SHEN-HSIU


'Empty space' is without characteristics, and it is wu-wei unconditioned; 'being free from discursive thoughts' is also without characteristics, as it is wu-wei. 'Empty space' is neither increased nor destroyed; 'being free from thinking' also is neither increased nor destroyed. . . . Because 'empty space' is free from mind (hsin), it is everywhere. There is nowhere it does not encompass. 'Having thoughts' is not everywhere; but 'being free from thoughts' is everywhere. . . . If the eye sees, the mind is aware, and one is free from thinking, then there are no barriers and divisions, and this is the pure realm of dharmas; it is the realm of Buddhas.

Ta-ch'eng wu fang-pien pei-tsung SHEN-HSIU

Bodhidharma came to China to put Buddhist teaching, especially the practice of dhyana or meditation, upon a new footing. The Chinese Buddhist monastic community had rendered signal service to buddhavachana, the Word of Buddha. Through its assiduous efforts numerous scriptures and texts were translated, preserved and disseminated, many of which would have been irretrievably lost save for their faithful Chinese versions. Nonetheless, Bodhidharma also knew that the monastic community – the sangha in its institutional aspect – was subject to many vicissitudes. Too narrow a focus on translating and preserving texts could diminish their assimilation and use, whilst the politics and social animosities which are always a danger in insular monasticism could only be heightened by government intervention and the instability of warlike regimes.

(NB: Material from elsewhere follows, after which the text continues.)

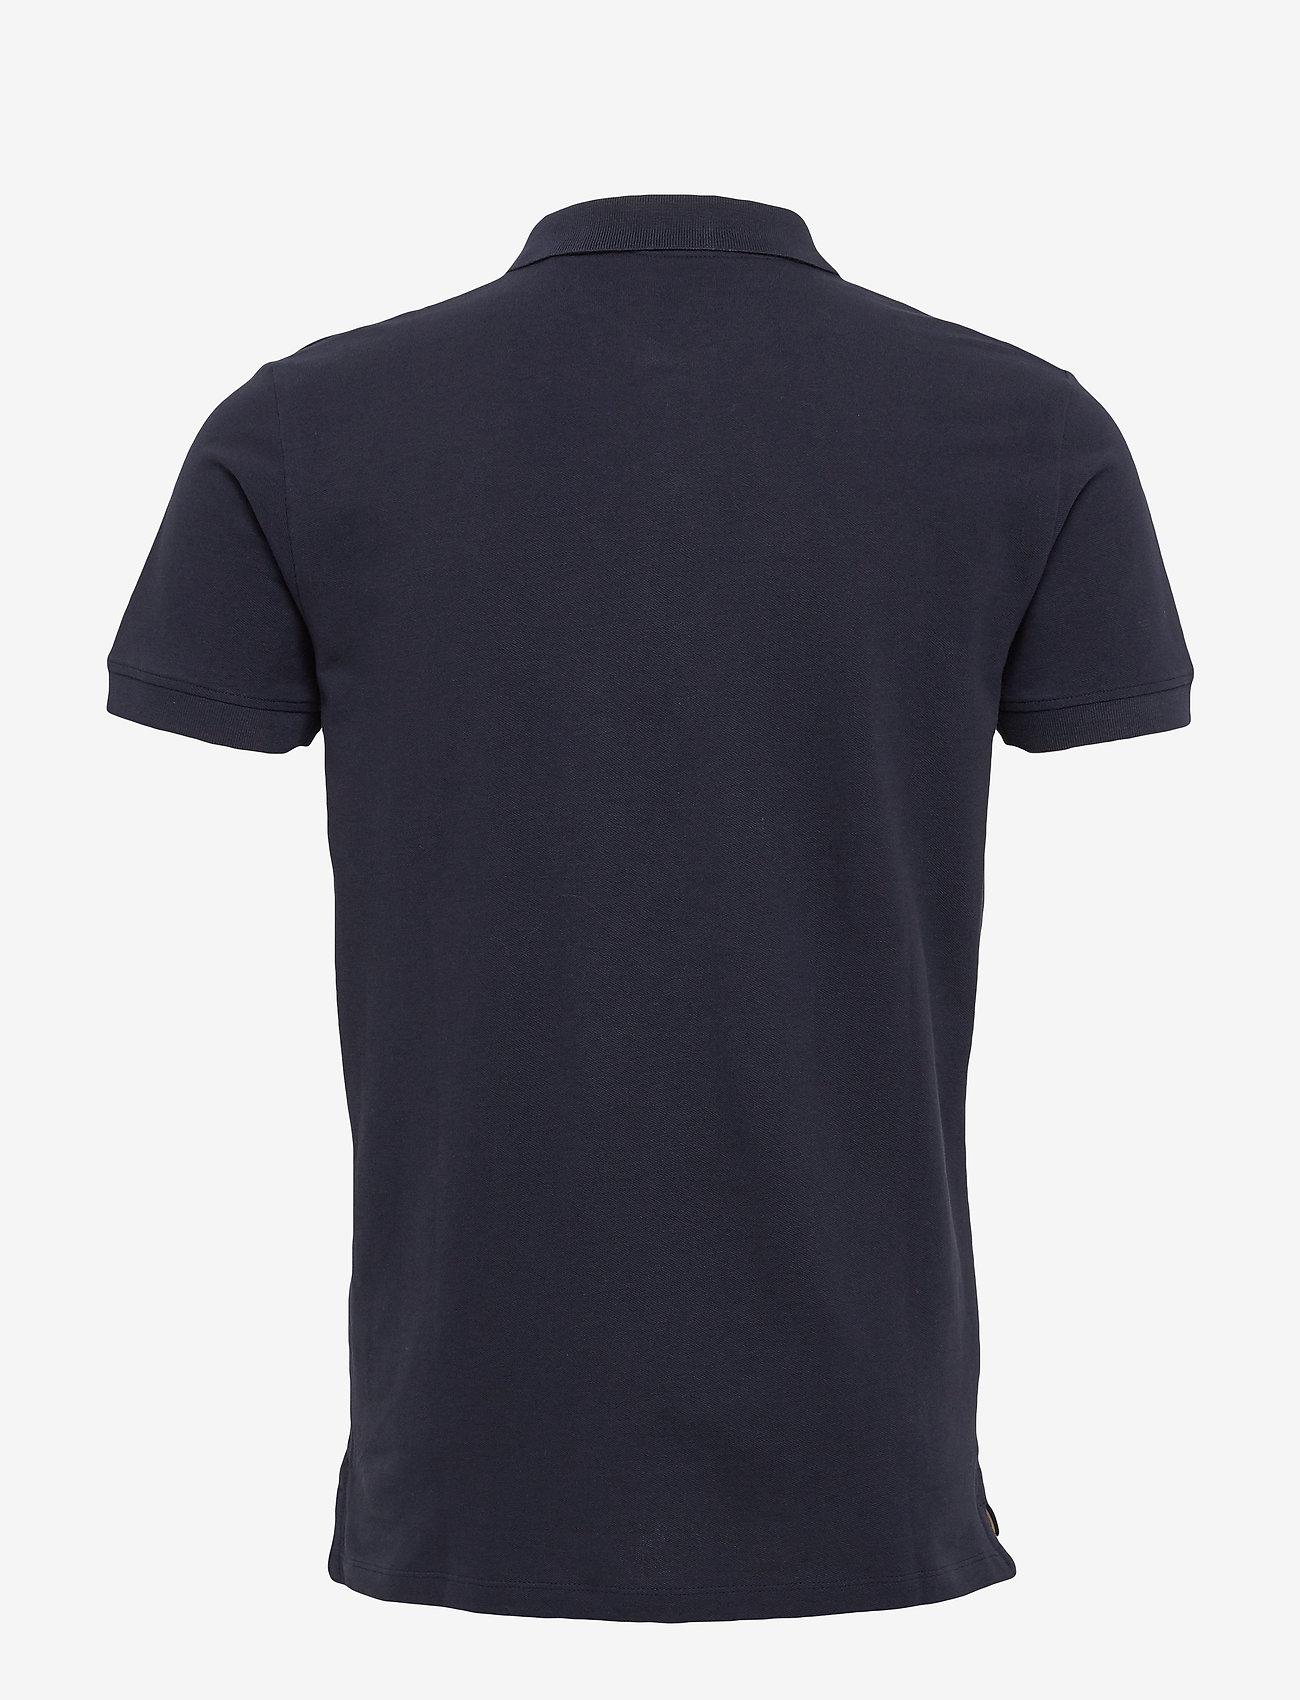 Esprit Casual Polo shirts - Poloskjorter NAVY - Menn Klær

Bodhidharma, emphasizing the pivotal role of meditation in spiritual awakening, sought disciplined followers who were willing to renounce the security and comfort of monastic facilities and routine, forego the distractions of monastic society, and devote themselves to contemplation, reflection and meditation. His method in this sense went beyond the sacred texts – which he had mastered – and beyond the canonical forms of practice. He taught each disciple according to his needs and abilities, and those who followed him did the same in their turn.

Hui-k'o, chosen by Bodhidharma to serve as the second patriarch of the Ch'an tradition, travelled as an itinerant menial labourer and taught wherever he had the chance. Suspected by teachers of more orthodox mien, he once had to flee south from persecution. There he wrote a letter which is the only surviving document recording his views. In it he said:

The ignorant and the enlightened are of one essence; they are not to be separated. We should know that all things are such as they are. Those who entertain some dualistic view of the world are to be pitied, and I write this letter for them. When we know that between this body and Buddha there is nothing to separate one from the other, what is the use of seeking nirvana in externals?

Returning to Ch'ang-an, he continued to preach and became sufficiently popular to annoy monastic officials. Yet lay people and ordinary monks flocked to him to hear his fresh, unvarnished statements of spiritual truth. Tradition holds that he died when he was one hundred and six years old, perhaps executed by the state in 593 CE. Like Bodhidharma, he made no effort to establish an order or a school, but sought to call people back to their real nature.

The third patriarch, Seng-ts'an, might not have been a direct disciple of the second patriarch, though later biographies contradict earlier ones in making him so. Periodically persecuted like his predecessor, he once had to pretend he was insane and at another time he hid in remote mountains for a decade. There, it is said, he tamed wild animals by his mere presence. Although he was not the erudite scholar that his predecessor was, he was deeply versed in Taoist and Buddhist philosophy, and he saw the immense value of combining them to awaken the mind, frequently juxtaposing ideas which settle too comfortably in the mind and requiring the hearer to rethink them.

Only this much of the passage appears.